The non-volatile storage device 102 may use and store a non-secret
cryptographic nonce that is used in conjunction with an encryption
key. A different nonce may be stored with every packet. Data
segments may be split between multiple packets with unique nonces
for the purpose of improving protection by the encryption
algorithm.
[0084] The encryption key may be received from a host computing
system 114, a server, key manager, or other device that manages the
encryption key to be used by the storage controller 104. In another
embodiment, the non-volatile storage media 110 may have two or more
partitions and the storage controller 104 behaves as though it was
two or more storage controllers 104, each operating on a single
partition within the non-volatile storage media 110. In this
embodiment, a unique media encryption key may be used with each
partition.
[0085] In another embodiment, the write data pipeline 106 also
includes an encryption module 314 that encrypts a data or metadata
segment received from the input buffer 306, either directly or
indirectly, prior sending the data segment to the packetizer 302,
the data segment encrypted using an encryption key received in
conjunction with the data segment. The encryption keys used by the
encryption module 314 to encrypt data may not be common to all data
stored within the non-volatile storage device 102 but may vary on
an per data structure basis and received in conjunction with
receiving data segments as described below. For example, an
encryption key for a data segment to be encrypted by the encryption
module 314 may be received with the data segment or may be received
as part of a command to write a data structure to which the data
segment belongs. The solid-sate storage device 102 may use and
store a non-secret cryptographic nonce in each data structure
packet that is used in conjunction with the encryption key. A
different nonce may be stored with every packet. Data segments may
be split between multiple packets with unique nonces for the
purpose of improving protection by the encryption algorithm.

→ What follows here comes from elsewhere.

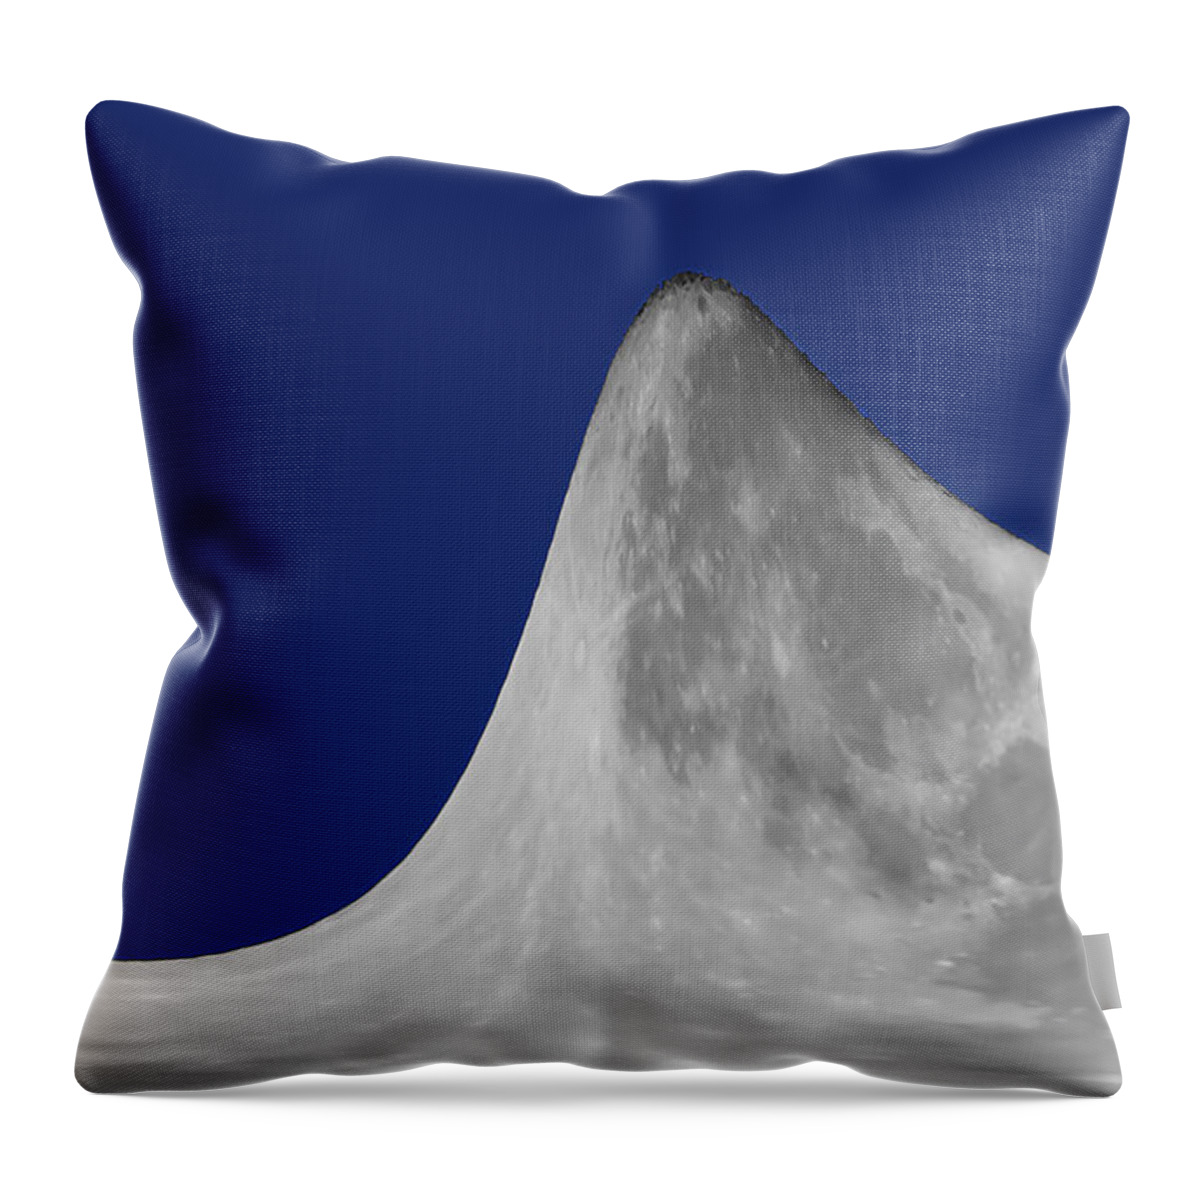 Moon Mountain Throw Pillow featuring the digital art Moon Mountain by Ernest Echols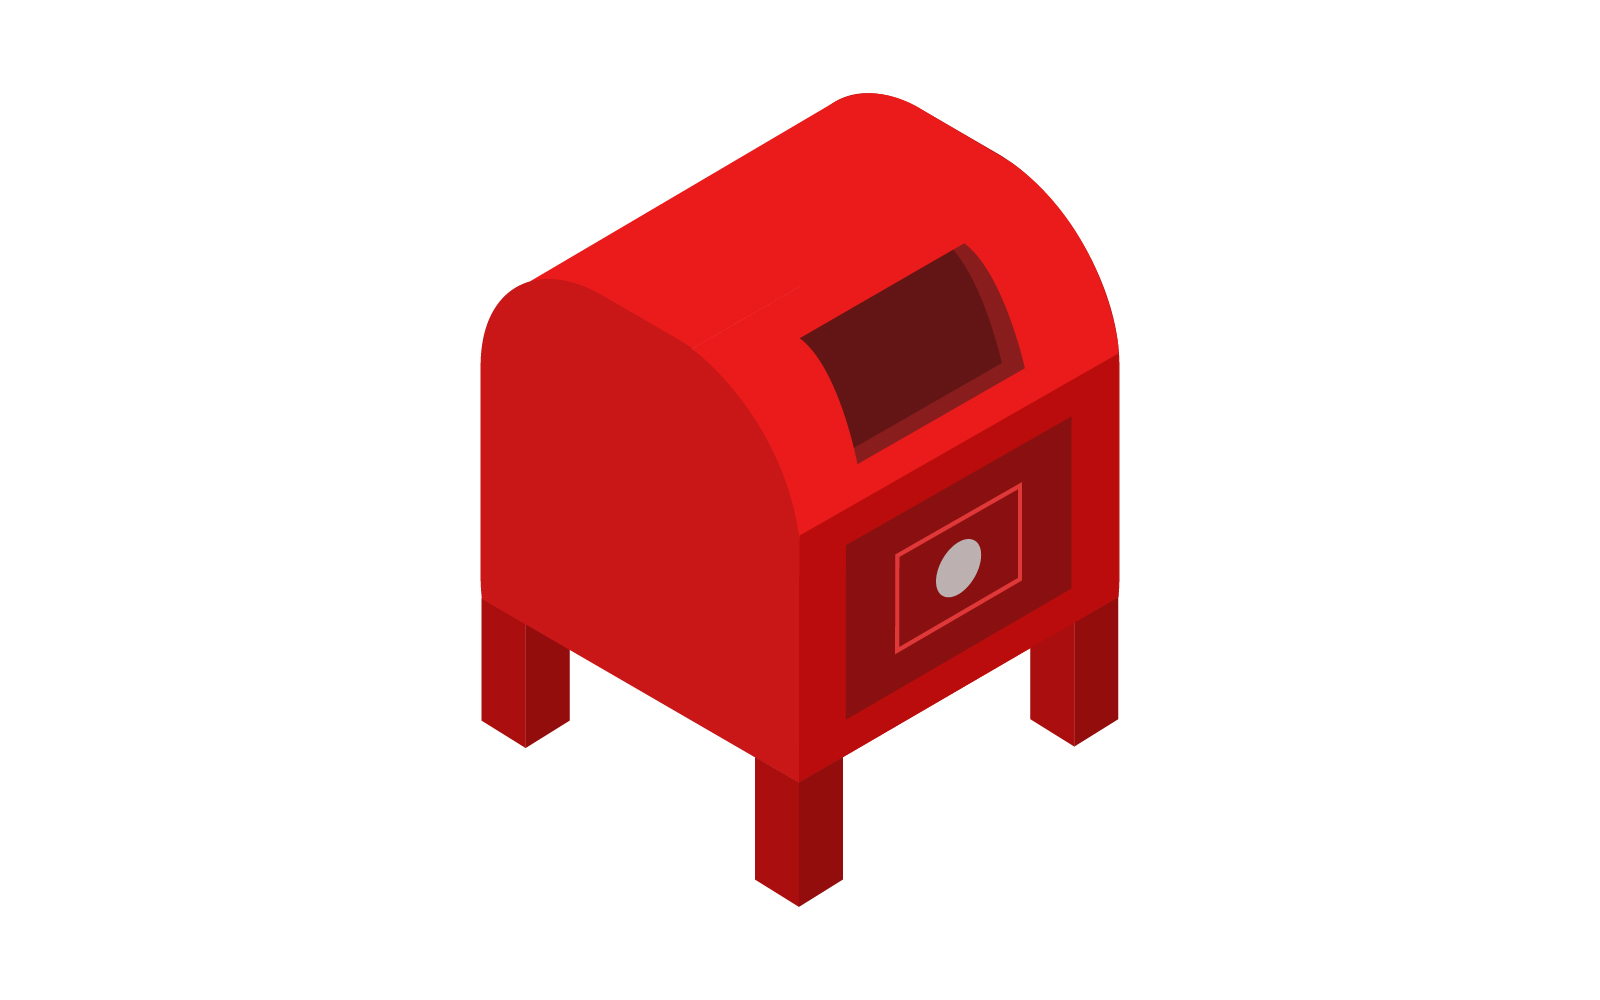 Mail box isometric and illustrated on a white background

[0086] The encryption key may be received from a host computing
system 114, another computer, key manager, or other device that
holds the encryption key to be used to encrypt the data segment. In
one embodiment, encryption keys are transferred to the storage
controller 104 from one of a non-volatile storage device 102, host
computing system 114, computer, or other external agent, which has
the ability to execute industry standard methods to securely
transfer and protect private and public keys.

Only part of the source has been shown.